Maybe the reason the Chicago Bears are struggling to find a new home for their stadium is because the professional football team is waiting to see what Northwest Indiana has to offer.

If that's the case, state Rep. Earl Harris Jr., D-East Chicago, wants to give Bears ownership something to consider as they cast about for alternatives to continuing to play home games at Chicago's Soldier Field.

Harris recently filed legislation at the Indiana House to establish a 19-member Northwest Indiana Professional Sports Development Commission tasked with studying the possibility of attracting a professional sports team to the Region, along with developing a master plan for doing so.
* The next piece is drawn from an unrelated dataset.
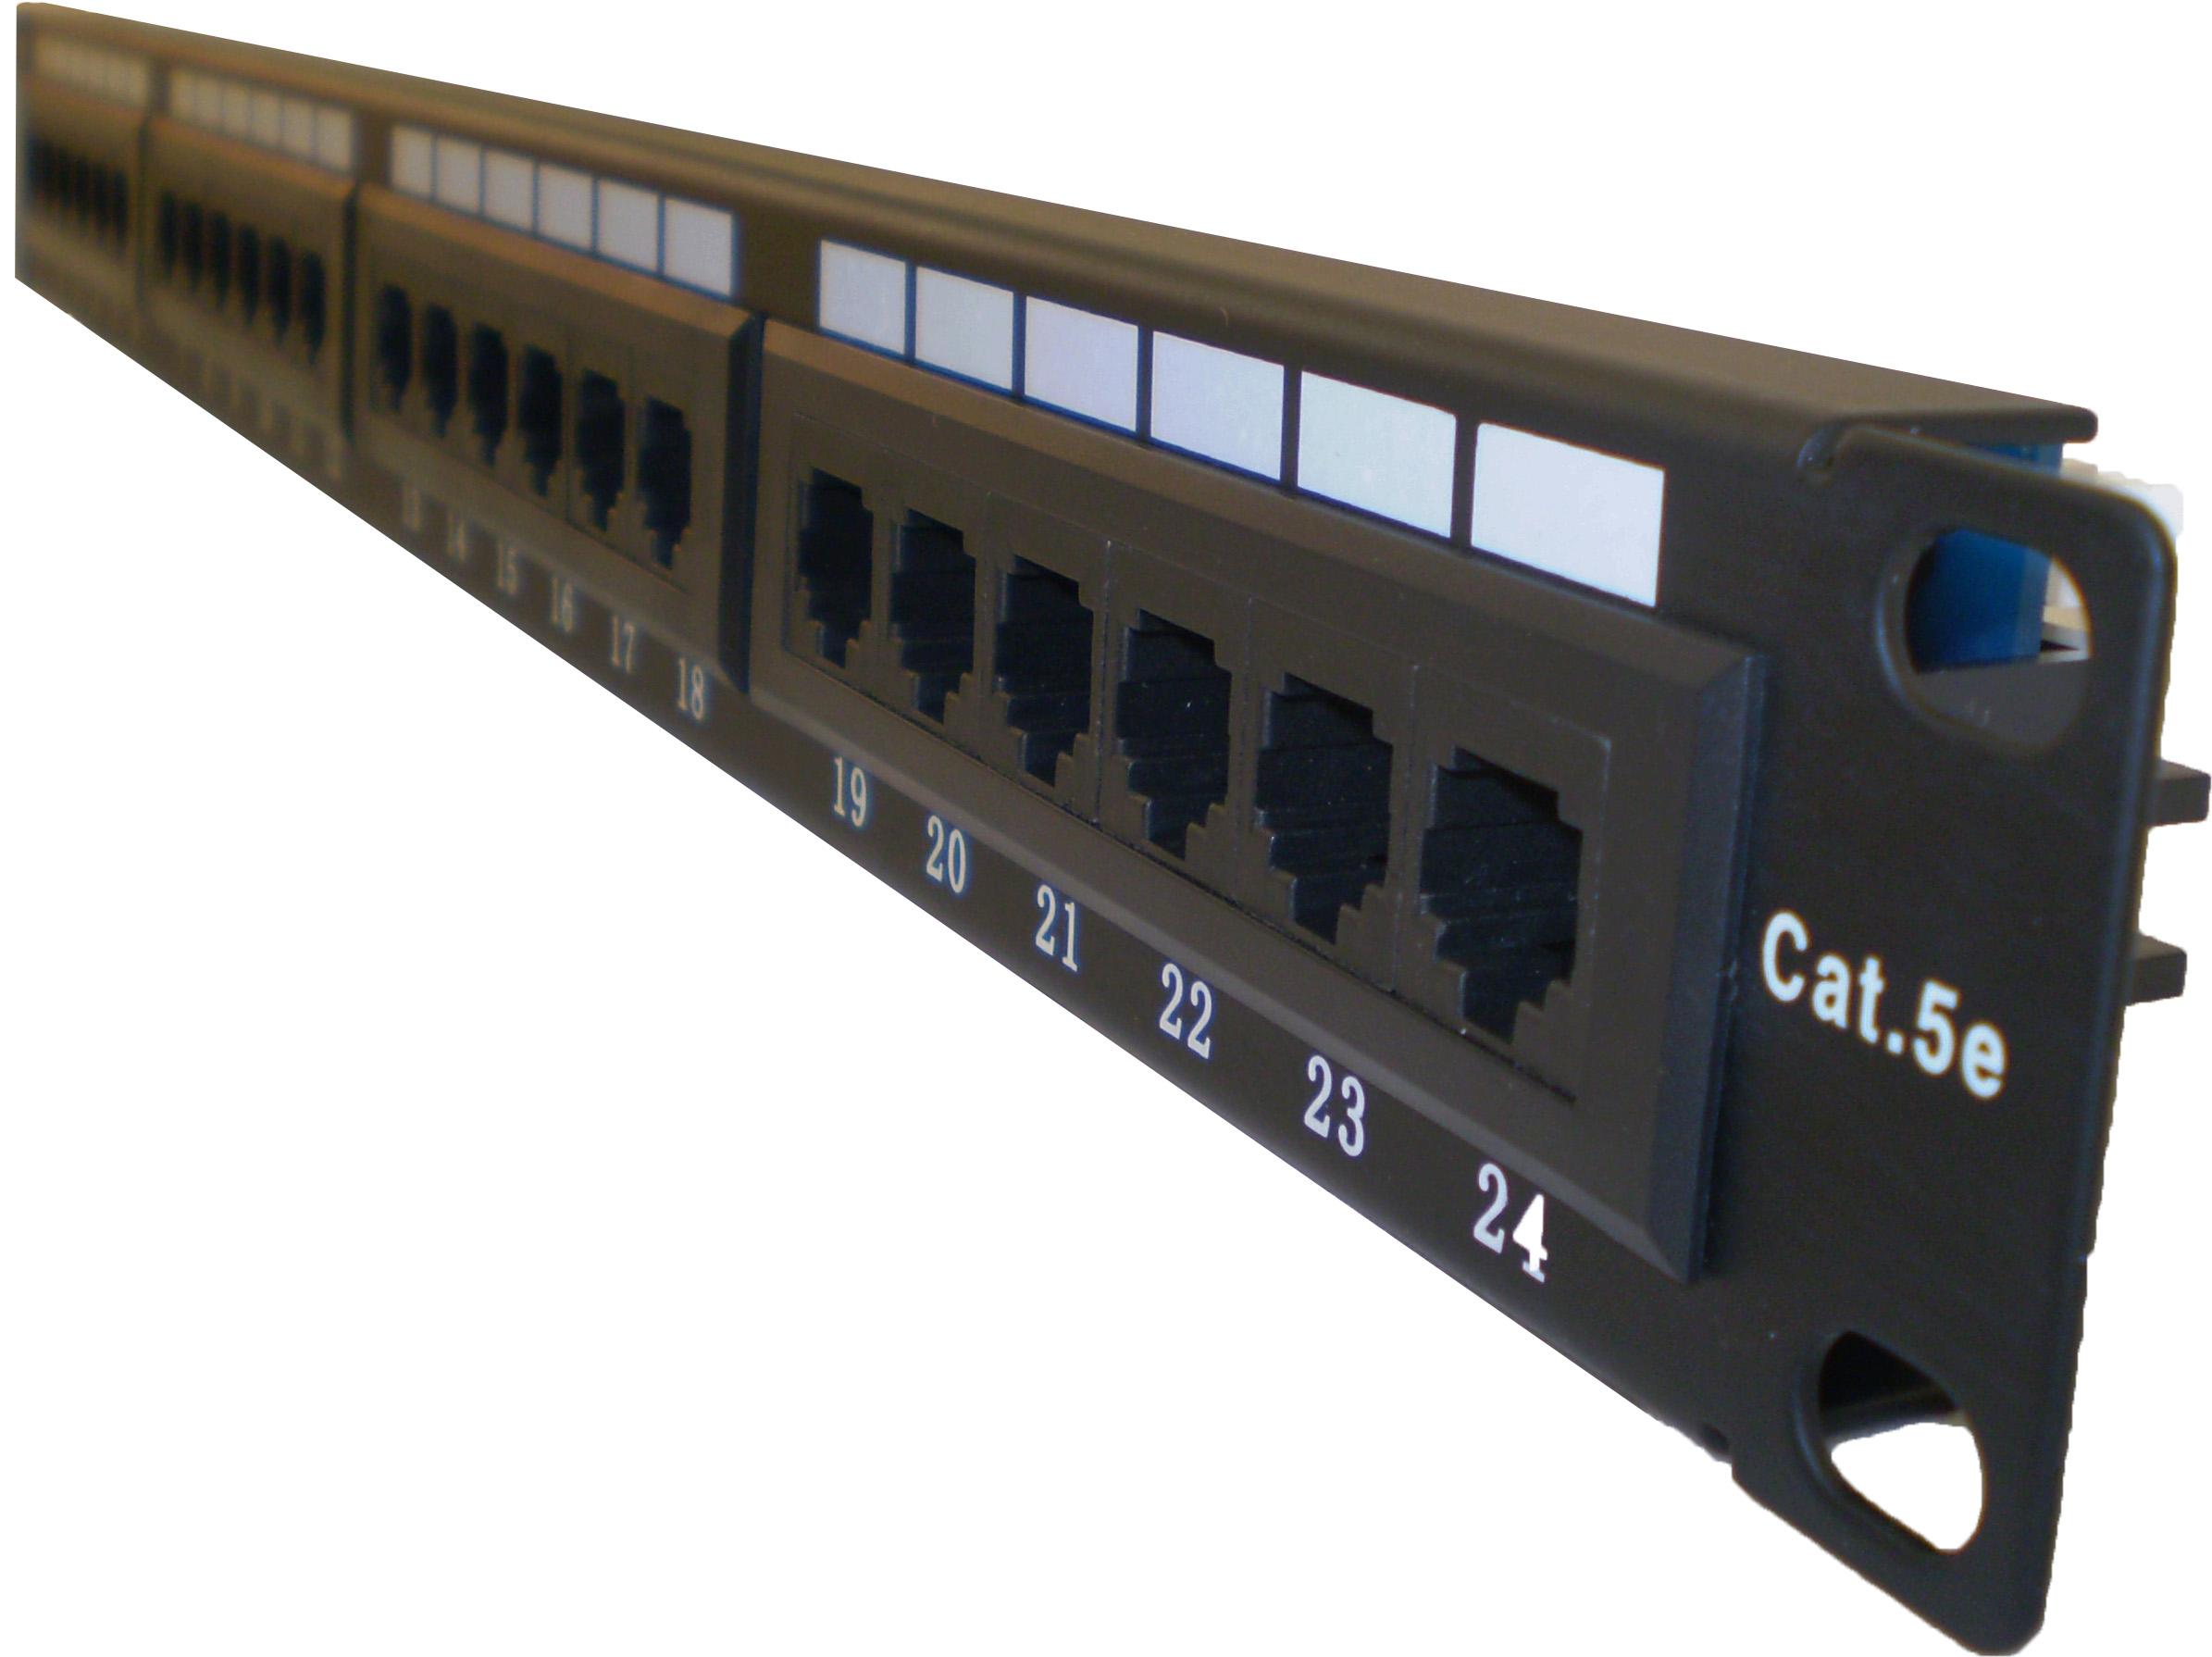 Ovaltel Acton Cabling Solution Pp245e 1 Patch Panel 24 Ports Cable Solutions Cat5e Cables Port Cat 5e

"Not all National Football League teams play in their namesake cities. Some, like the New York Giants and Jets, not even in the same state," Harris said. "With the Chicago Bears looking into options for a new location, this legislation will help make Northwest Indiana a more attractive option for them and other sports teams."

House Bill 1174 does not provide funding or any other means to construct an NFL-quality stadium in Northwest Indiana. A separate measure, likely requiring substantial state investment — similar to the 2005 Indianapolis Colts stadium law — would be needed to take that step.

However, Harris believes it's worth starting the conversation given the billions of dollars in public- and private-sector investment taking place in Lake, Porter, LaPorte and St. Joseph counties.
"In recent years, Northwest Indiana has seen significant infrastructure growth as a result of our work here in the state legislature," Harris said. "From the Gary/Chicago International Airport to the Gary Hard Rock Casino, and the forthcoming convention center, Northwest Indiana is quickly becoming a hub for entertainment and leisure."

"Sports infrastructure is the obvious next step in attracting more people — and possible sports teams — to our Region."

The legislation is not specific to the Chicago Bears, which looked at relocating to a lakefront site in Gary in the mid-1990s when Chicago officials initially balked at renovating Soldier Field. That deal fell apart when the Lake County Council refused to consider a county income tax to support the "Planet Park" development.

Instead, the commission's charge would include evaluating the possibility of Northwest Indiana attracting a NBA basketball team, NHL hockey team, Major League Soccer team, or a Major League Baseball team, such as the Chicago White Sox.

Harris said beyond the potential economic benefits tied to professional sports, his decision to file the measure partly is personal, since it also was one of the final proposals crafted by his father, state Rep. Earl Harris Sr., D-East Chicago, prior to dying in office in 2015.

"I'm honored to be continuing the work that my father, Earl Harris, started when he represented District 2 in the Statehouse," Harris said. "This bill furthers my goal to make our community and Northwest Indiana as a whole a center point for business. This will, in turn, enhance the quality of life for all residents."

"As a lawmaker, making life better for my constituents is my top priority, and I truly believe creating the infrastructure for a professional sports development commission would bring in economic benefits to our communities and our people for decades to come."

The legislation is awaiting action by the House Ways and Means Committee.